Authentic Empathy Towards Others is a Gift We Give Ourselves
Estimated Reading Time: 6 Minutes
Can you change your life and your mood by being more empathetic towards others?
How do you react when you go into a store, and you see someone wear an outfit that you would not wear? What do you automatically think about someone when you start to question a person’s choice of outfits? What thoughts does it stir inside of you when you do not align with someone’s actions? How do you feel the moment you do not agree with a choice someone makes?
Many times, we see people being laughed at or mocked for their choices. Sometimes this happens to their face. Other times it happens behind their backs or in places where they cannot see or hear the criticisms. Sometimes, these criticisms are not said out loud and the person thinking them just avoids the other person. Still other times, memes and other pictures are posted about these people on social media. Which camp do you fall into? What do you do?
How many times do you see people who you feel made a poor outfit choice or did something that just made you think to yourself, “Why the heck, did they do that?” or maybe “What’s wrong with that person?” Even if you keep the comments to yourself, what effects do you believe the comments have on you? What if you turned around and said, “Wow, what courage it took to wear that!” or maybe “What courage it took to do that!” or even “How courageous is that person for making that choice!”
By flipping it from, “why did they do that” to “how courageous are they”, how do you think that will affect you mentally? How do you think it is going to affect your mood? How do you think it is going to affect the things you share online? Think about that for a second. Do you believe it will improve your mood? Do you believe it will help reduce the possibility of you being judgmental in the future?
The next time you look and want to laugh at somebody or the next time you want to say why the heck did they do that I invite you to look at them and think, I admire that person for how courageous they are to do something that is outside the norm. I admire them for being themselves. I admire them for being different. I admire them for doing something that I would not have done myself.
Authentic empathy towards others is a gift we give ourselves.
How this applies to fear…
When it comes to fear and not being judgmental of others, experiencing authentic empathy for others can help alleviate our fears. When we judge others, we become afraid others will judge us. While this may be a fear rooted in facts from our childhood, chances are it no longer applies. However, when we continue to be judgmental of others and refuse to recognize the courage they have, we also stop our subconscious from moving on and believing people will not judge us.
How this applies to authentic empathy…
When it comes to authentic empathy and not being judgmental of others, this is a case of treating others as you would like to be treated. Unless you are a narcissist, you will know and admit that not all your decisions, actions and choices will align and resonate with other people. When those decisions, actions and choice do not resonate with others, how do you want them to treat you? Do you want them to ridicule you for your choices – or – do you want them to respect your choices and value the fact that you took a chance?
How this applies to WACASHWI…
When it comes to WACASHWI and not being judgmental of others, when you move things on to and through the process, you will sometimes need a deeper level of authentic empathy from people around you.
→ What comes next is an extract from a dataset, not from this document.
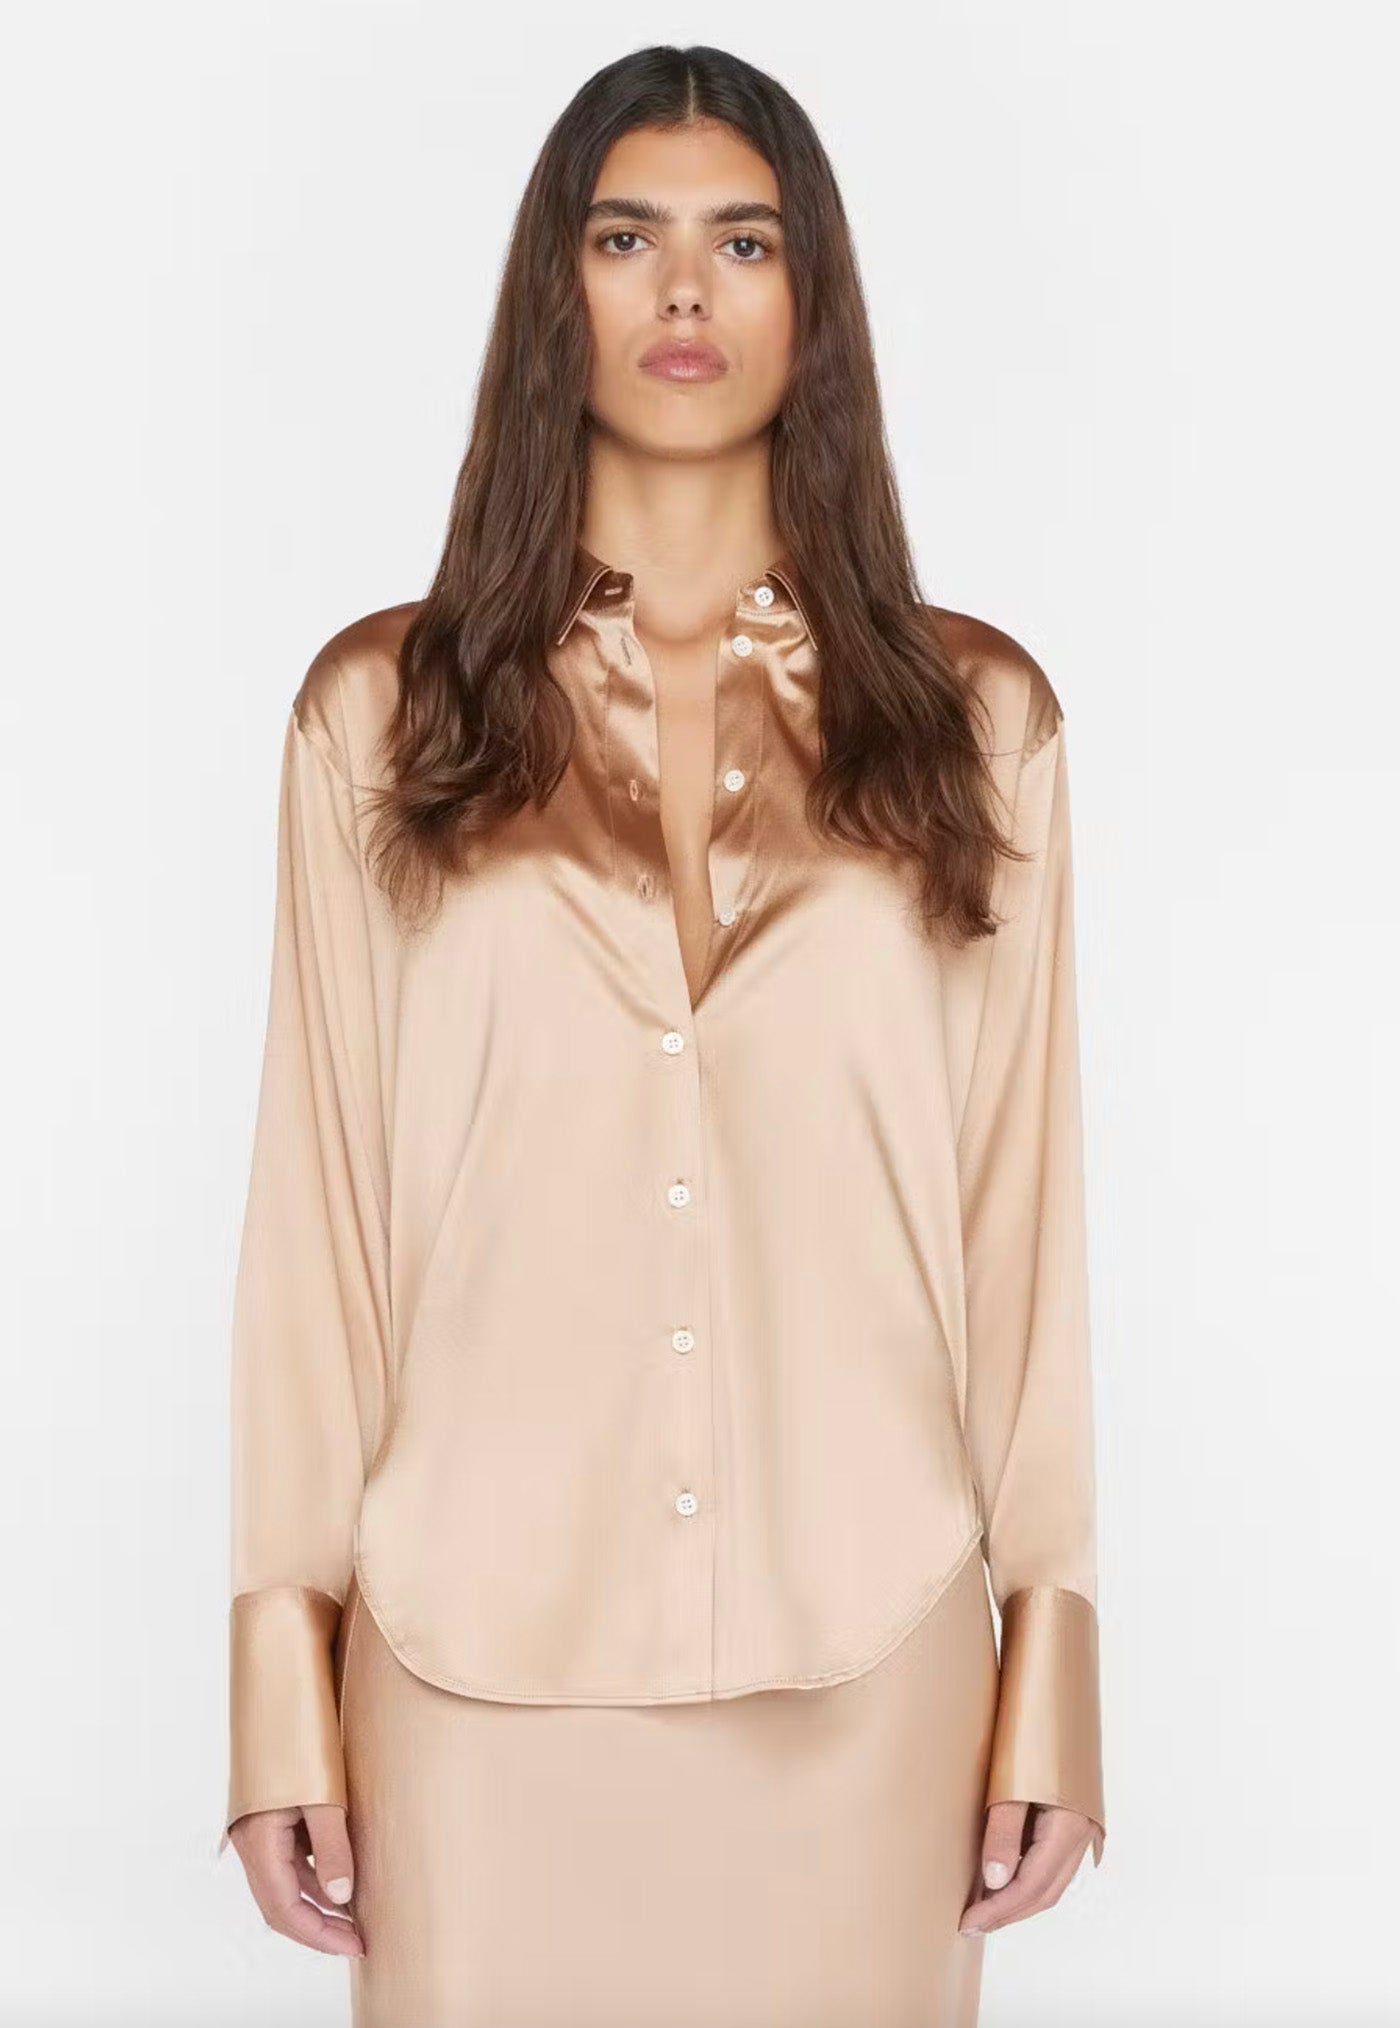 The Standard Shirt - Blush sold by Angel Divine
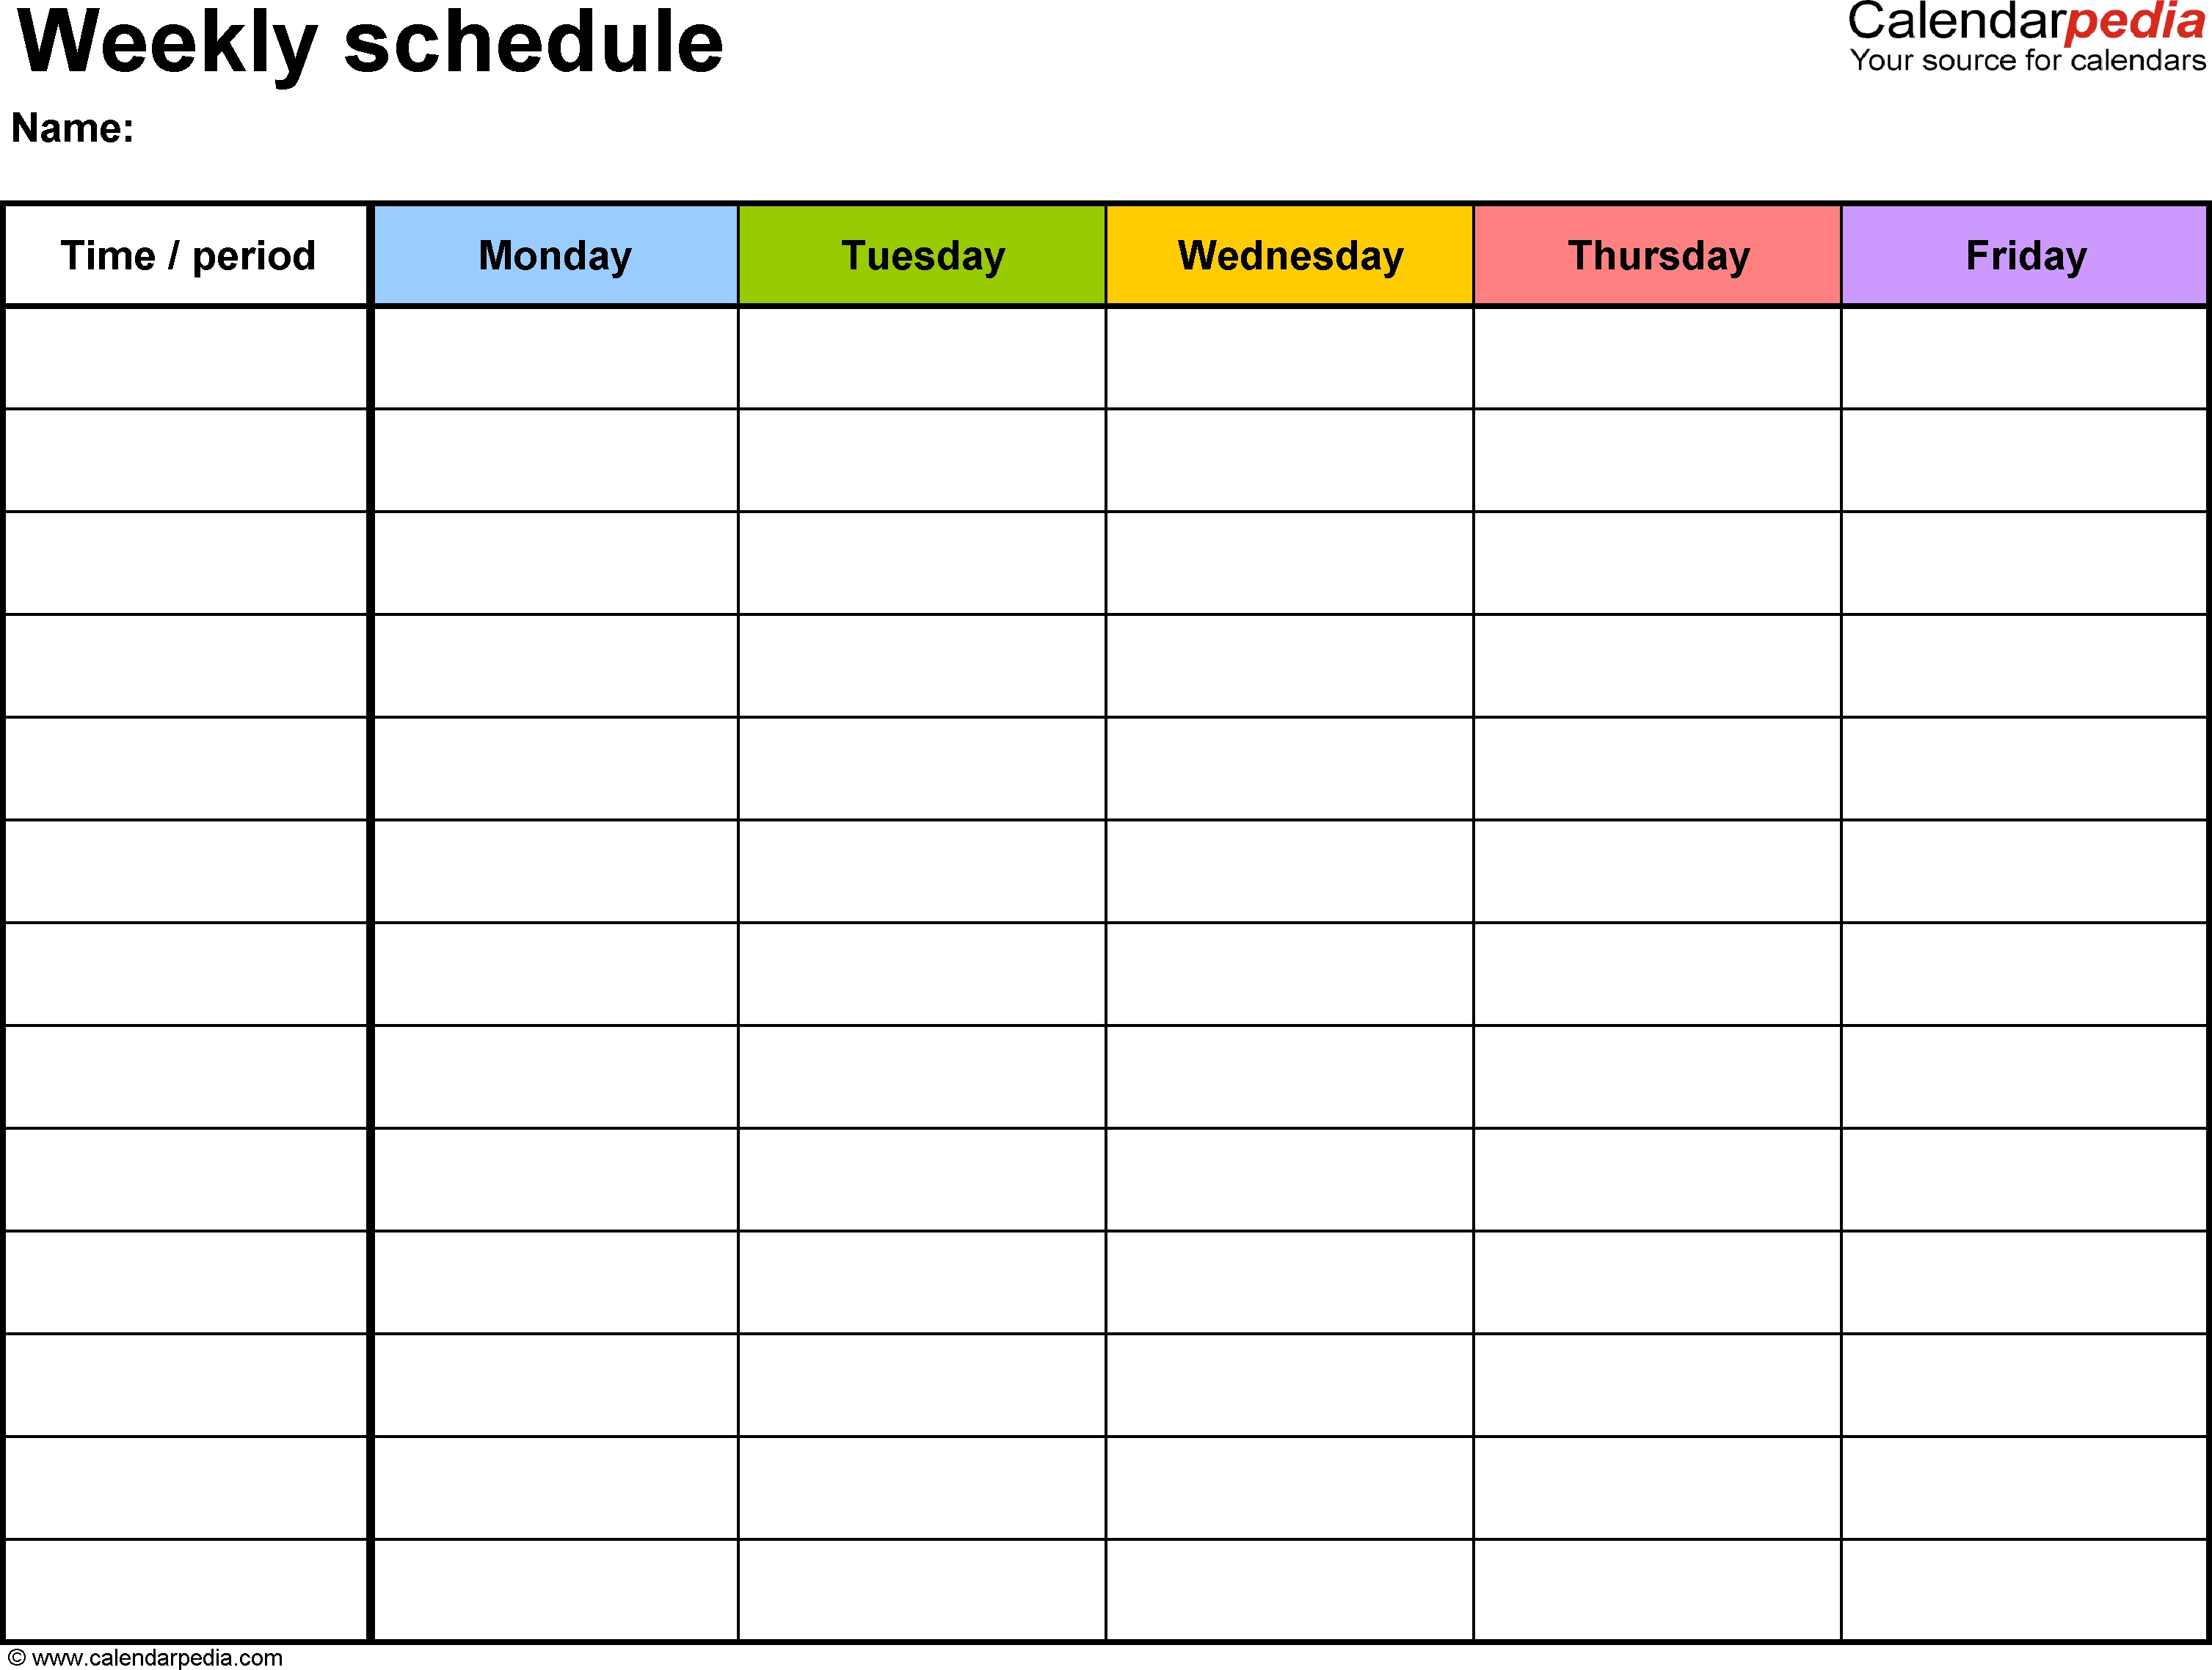 Free Weekly Schedule Templates For Word - 18 Templates with regard to A Peek At The Week Free Printable Weekly Planner

Sometimes, you will make choices and decisions that other people would not make. Developing a deeper level of authentic empathy for others will open you up to receiving a deeper level of authentic empathy from others.
Your daily invitations…
- I invite you to think about your recent thoughts, words, and actions.
- I invite you to consider if you have shown authentic empathy or been judgmental and what changes you can make.
- I invite you to write down your thoughts, feelings, and actions in your journal.
- I invite you to talk to anyone you realized that you had been judgmental towards if it is safe to do so.
Final step – how will you implement one thing you learned today in your life?